DATA TO EXAMINE:
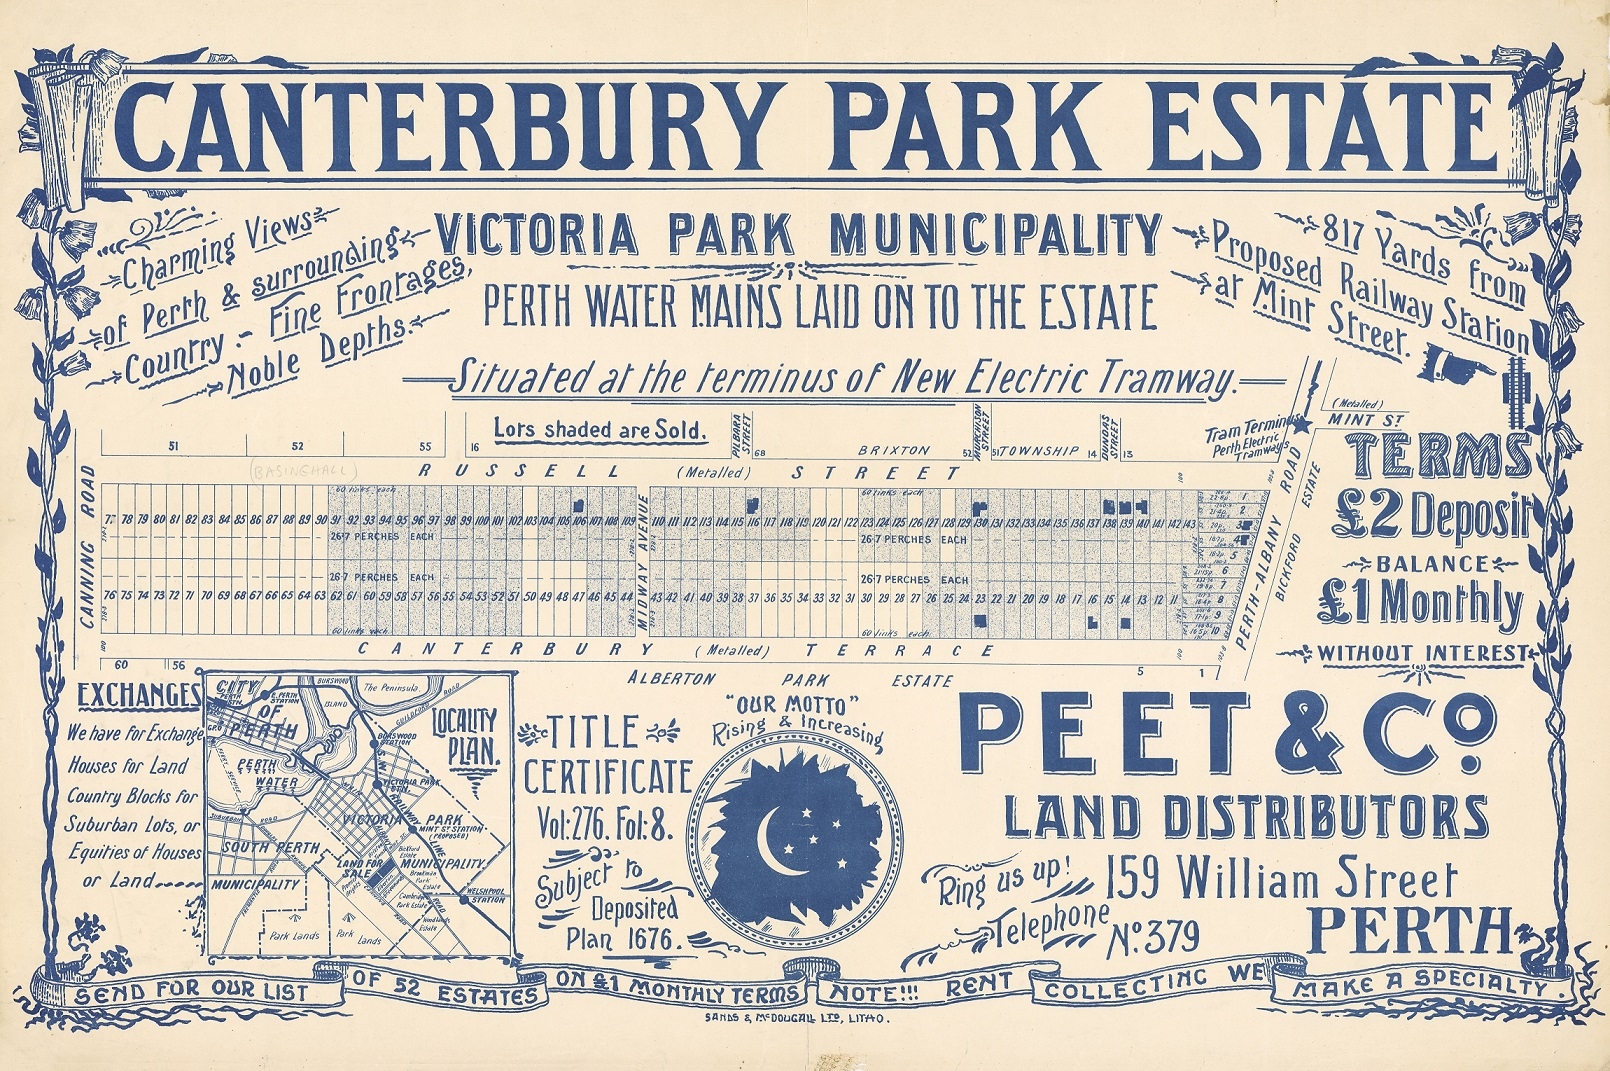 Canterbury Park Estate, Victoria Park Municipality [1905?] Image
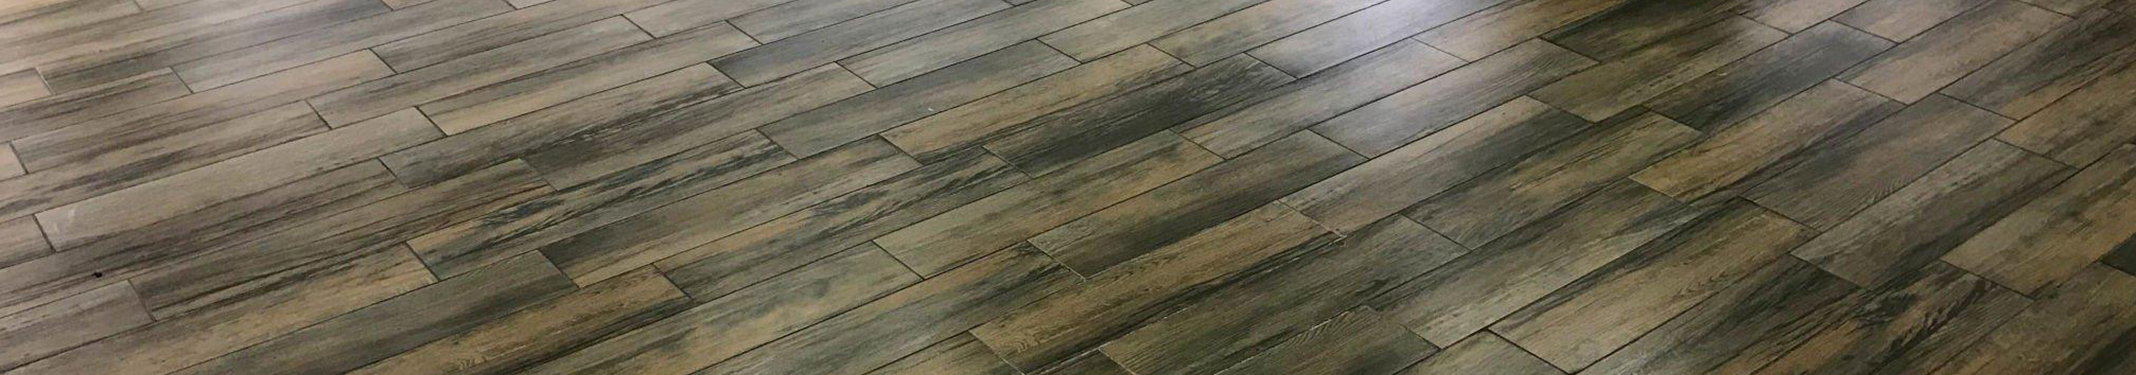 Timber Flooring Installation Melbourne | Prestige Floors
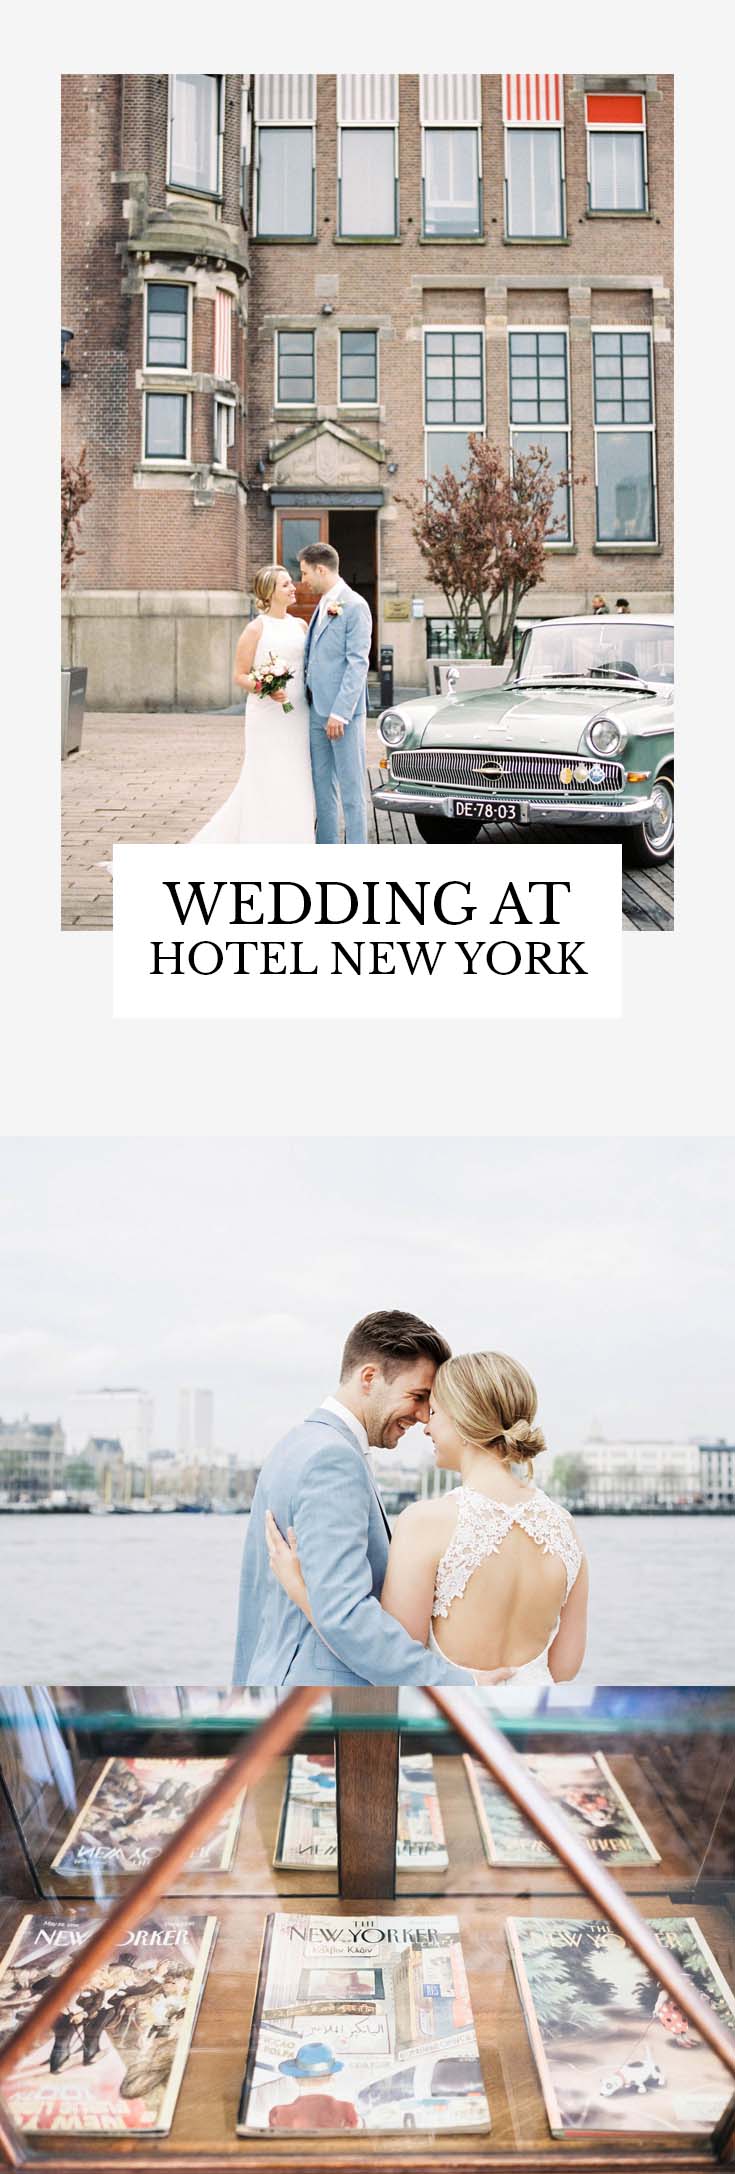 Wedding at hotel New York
...
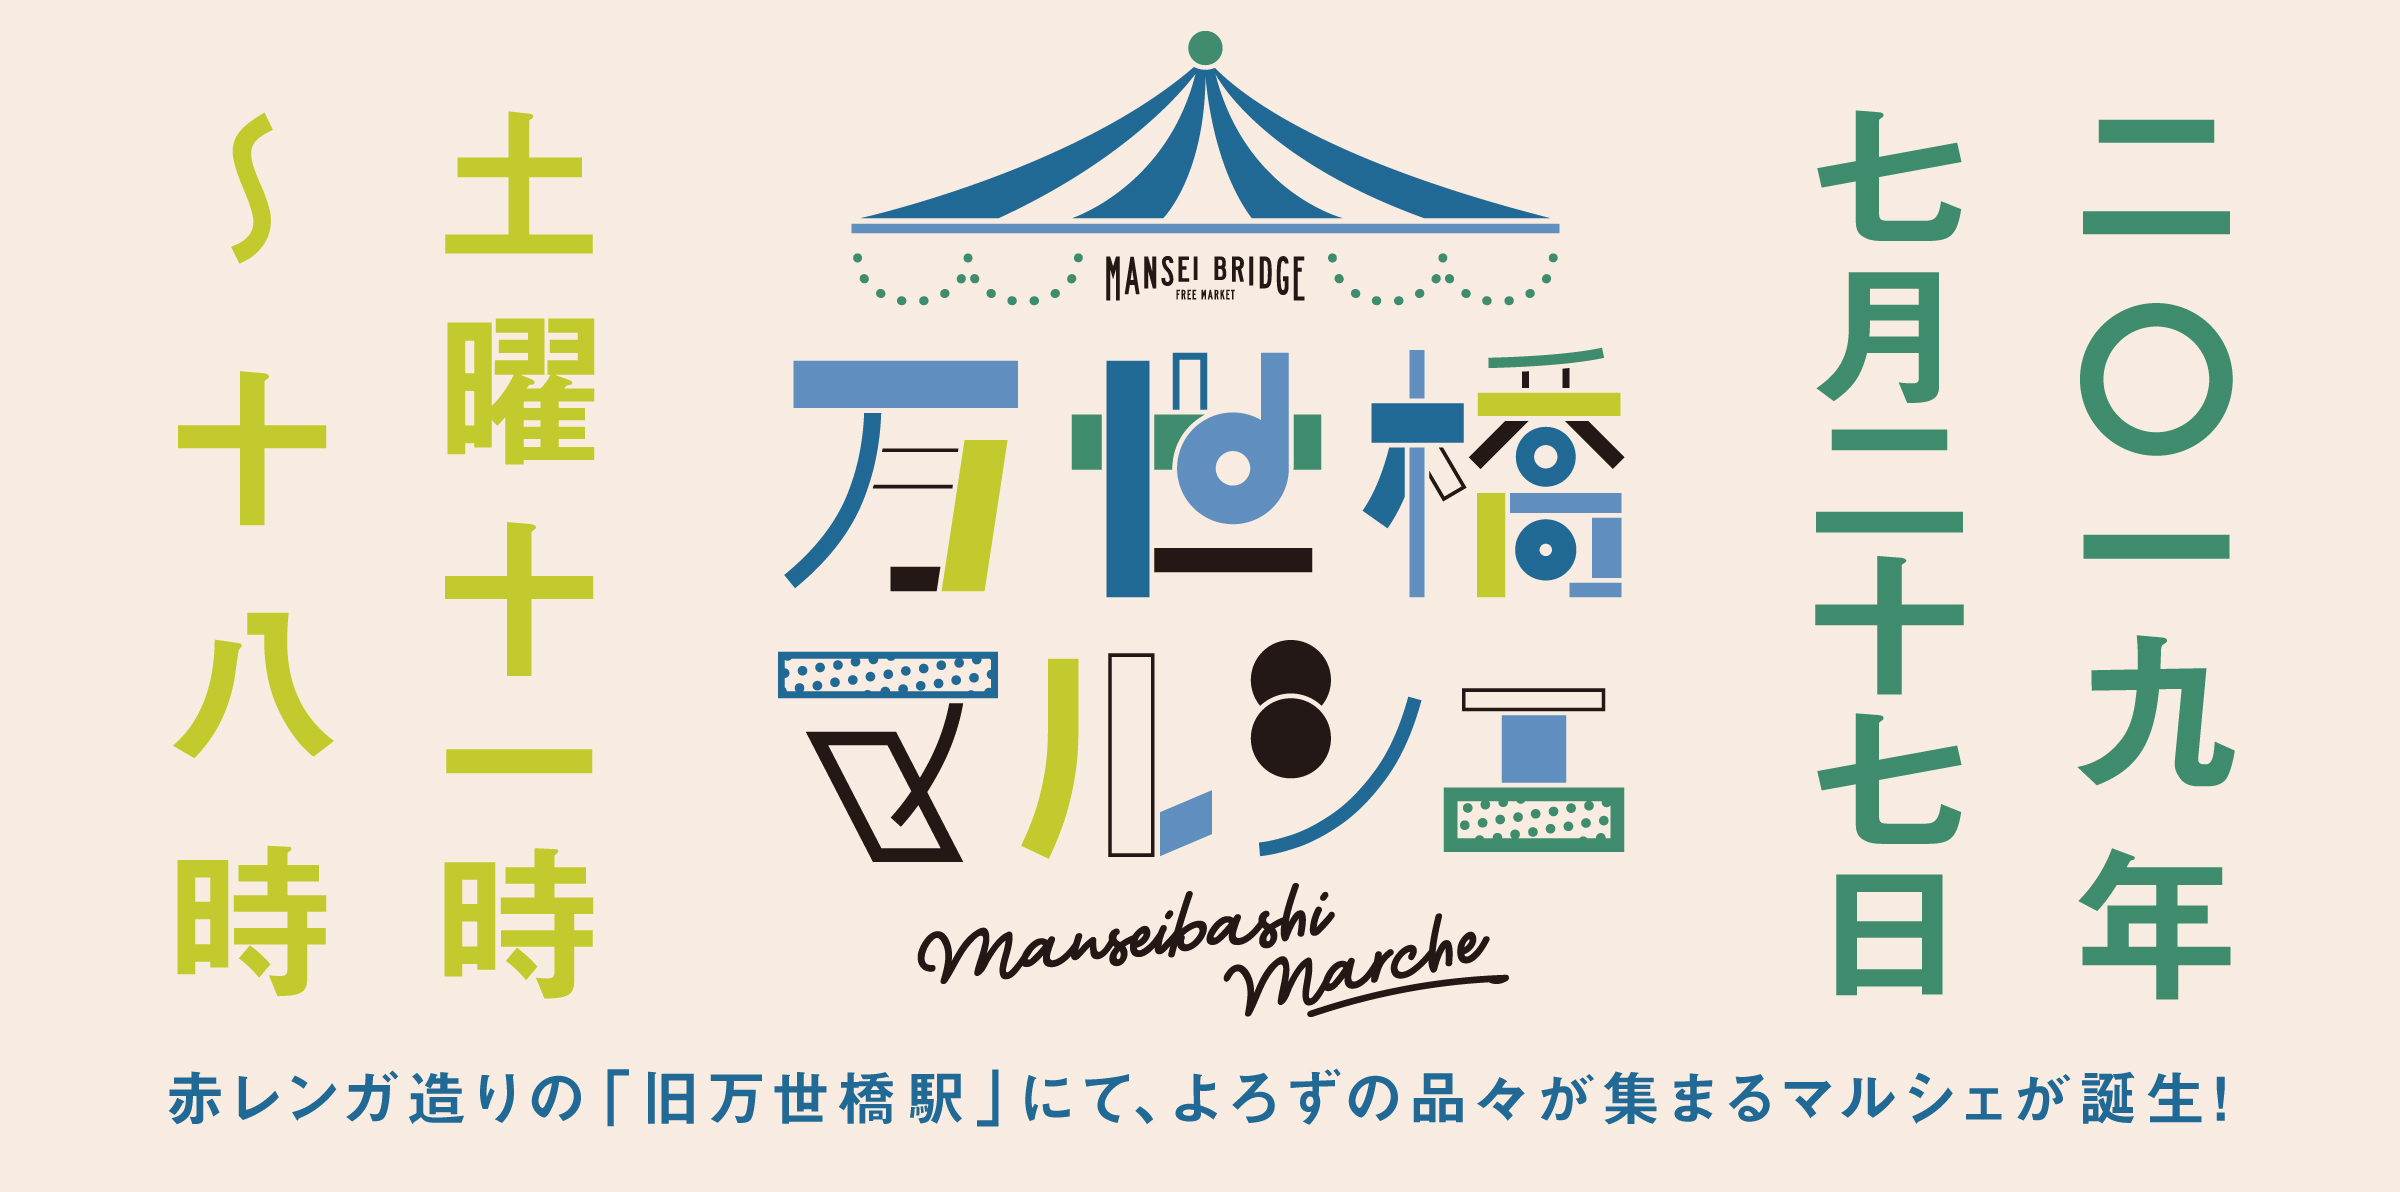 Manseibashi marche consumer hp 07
---
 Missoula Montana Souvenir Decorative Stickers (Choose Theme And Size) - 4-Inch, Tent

YOUR TASK: An exact copy of the lines above from the one with "Canterbury Park Estate, Victoria" up to and including the one with "Wedding at hotel New York" is required; reproduce only those lines, omitting all pictures.

TASK SOLUTION:
 Canterbury Park Estate, Victoria Park Municipality [1905?] Image
 Timber Flooring Installation Melbourne | Prestige Floors
 Wedding at hotel New York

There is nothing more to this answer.